How to define a summary evaluator
Some metrics can only be defined on the entire experiment level as opposed to the individual runs of the experiment.
For example, you may want to compute the overall pass rate or f1 score of your evaluation target across all examples in the dataset.
These are called summary_evaluators
. Instead of taking in a single Run
and Example
, these evaluators take a list of each.
Below, we'll implement a very simple summary evaluator that computes overall pass rate:
- Python
- TypeScript
def pass_50(outputs: list[dict], reference_outputs: list[dict]) -> bool:
"""Pass if >50% of all results are correct."""

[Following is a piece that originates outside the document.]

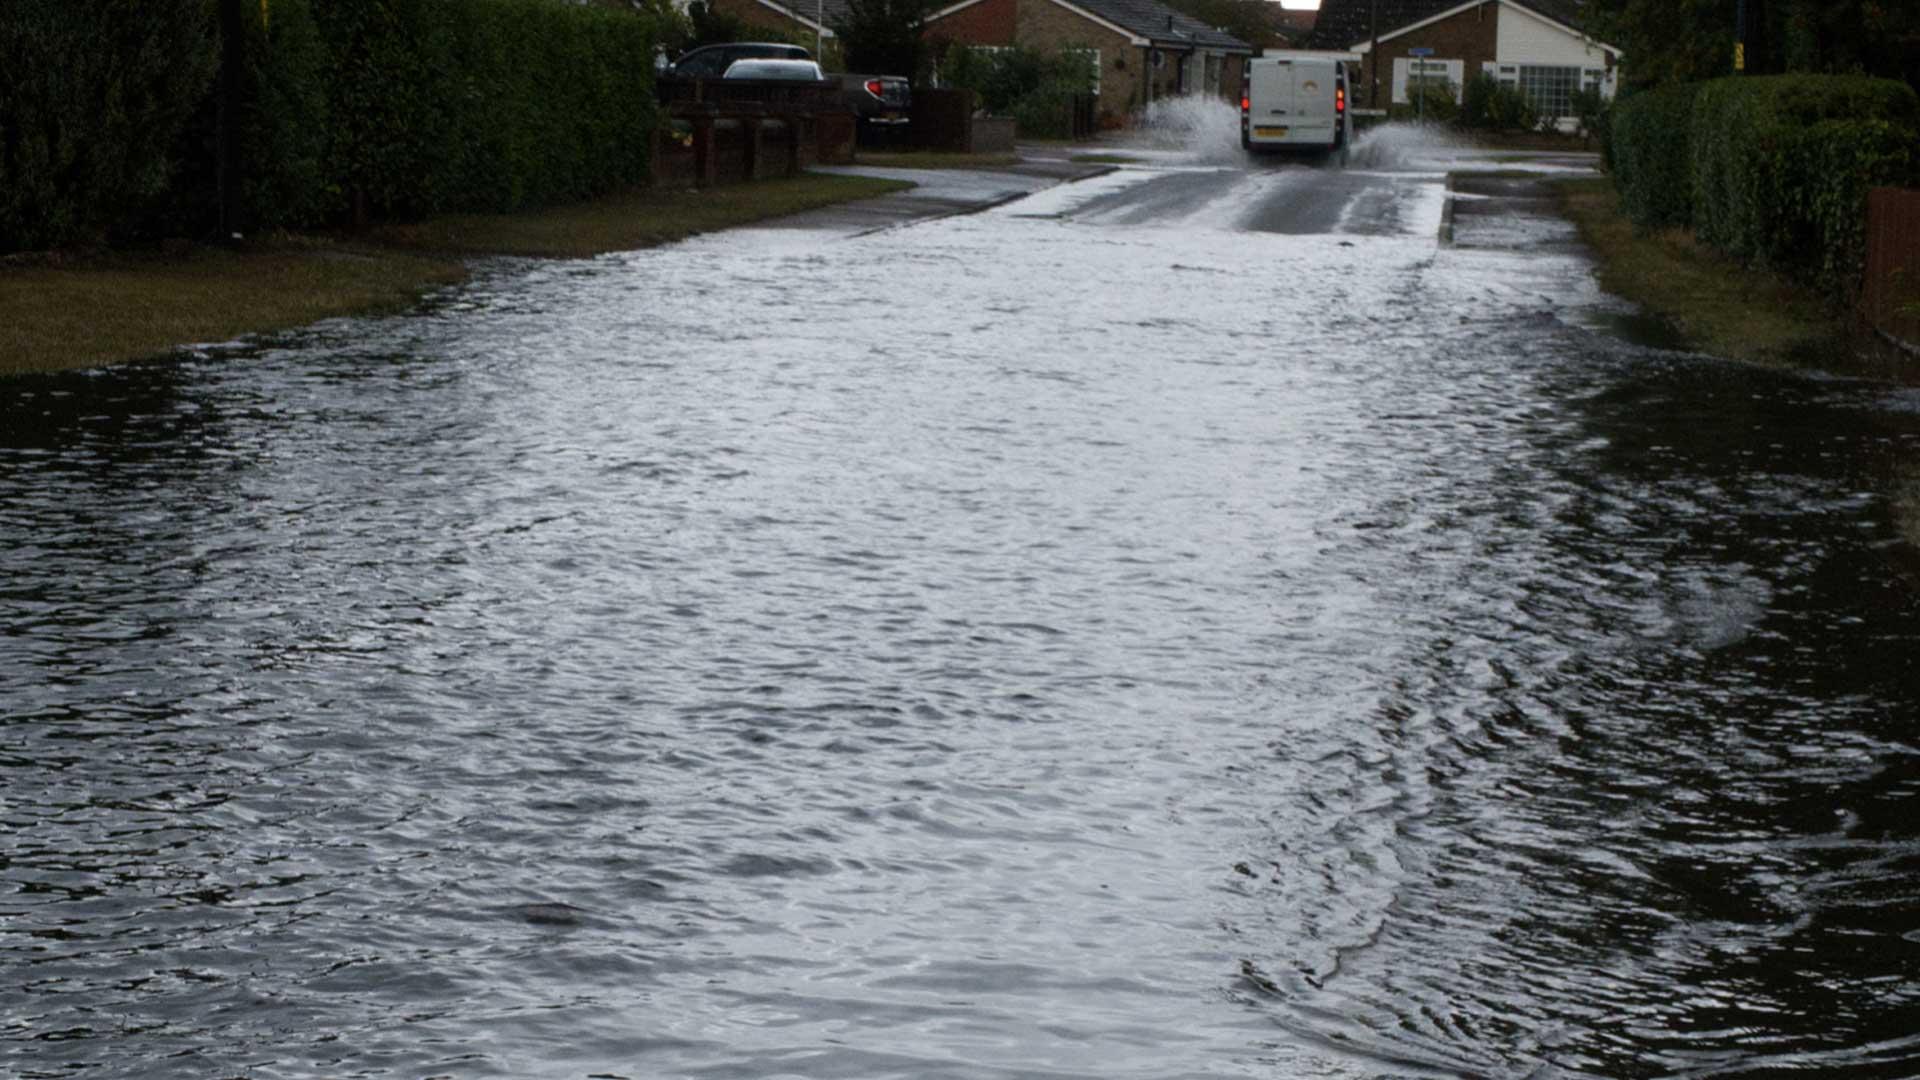 Monkhams Drive flooding

correct = sum([out["class"] == ref["label"] for out, ref in zip(outputs, reference_outputs)])
return correct / len(outputs) > 0.5
function summaryEval({ outputs, referenceOutputs }: { outputs: Record<string, any>[], referenceOutputs?: Record<string, any>[]}) {
let correct = 0;
for (let i = 0; i < outputs.length; i++) {
if (outputs[i]["output"] === referenceOutputs[i]["label"]) {
correct += 1;
}
}
return { key: "pass", score: correct / outputs.length > 0.5 };
}
You can then pass this evaluator to the evaluate
method as follows:
- Python
- TypeScript
from langsmith import Client
ls_client = Client()
dataset = ls_client.clone_public_dataset(
"https://smith.langchain.com/public/3d6831e6-1680-4c88-94df-618c8e01fc55/d
)
def bad_classifier(inputs: dict) -> dict:
return {"class": "Not toxic"}
def correct(outputs: dict, reference_outputs: dict) -> bool:
"""Row-level correctness evaluator."""
return outputs["class"] == reference_outputs["label"]
results = ls_client.evaluate(
bad_classified,
data=dataset,
evaluators=[correct],
summary_evaluators=[pass_50],
)
import { Client } from "langsmith";
import { evaluate } from "langsmith/evaluation";
import type { EvaluationResult } from "langsmith/evaluation";
const client = new Client();
const datasetName = "Toxic queries";
const dataset = await client.clonePublicDataset(
"https://smith.langchain.com/public/3d6831e6-1680-4c88-94df-618c8e01fc55/d,
{ datasetName: datasetName }
);
function correct({ outputs, referenceOutputs }: { outputs: Record<string, any>, referenceOutputs?: Record<string, any> }): EvaluationResult {
const score = outputs["class"] === referenceOutputs?["label"];
return { key: "correct", score };
}
function badClassifier(inputs: Record<string, any>): { class: string } {
return { class: "Not toxic" };
}
await evaluate(badClassifier, {
data: datasetName,
evaluators: [correct],
summaryEvaluators: [summaryEval],
experimentPrefix: "Toxic Queries",
});
In the LangSmith UI, you'll the summary evaluator's score displayed with the corresponding key.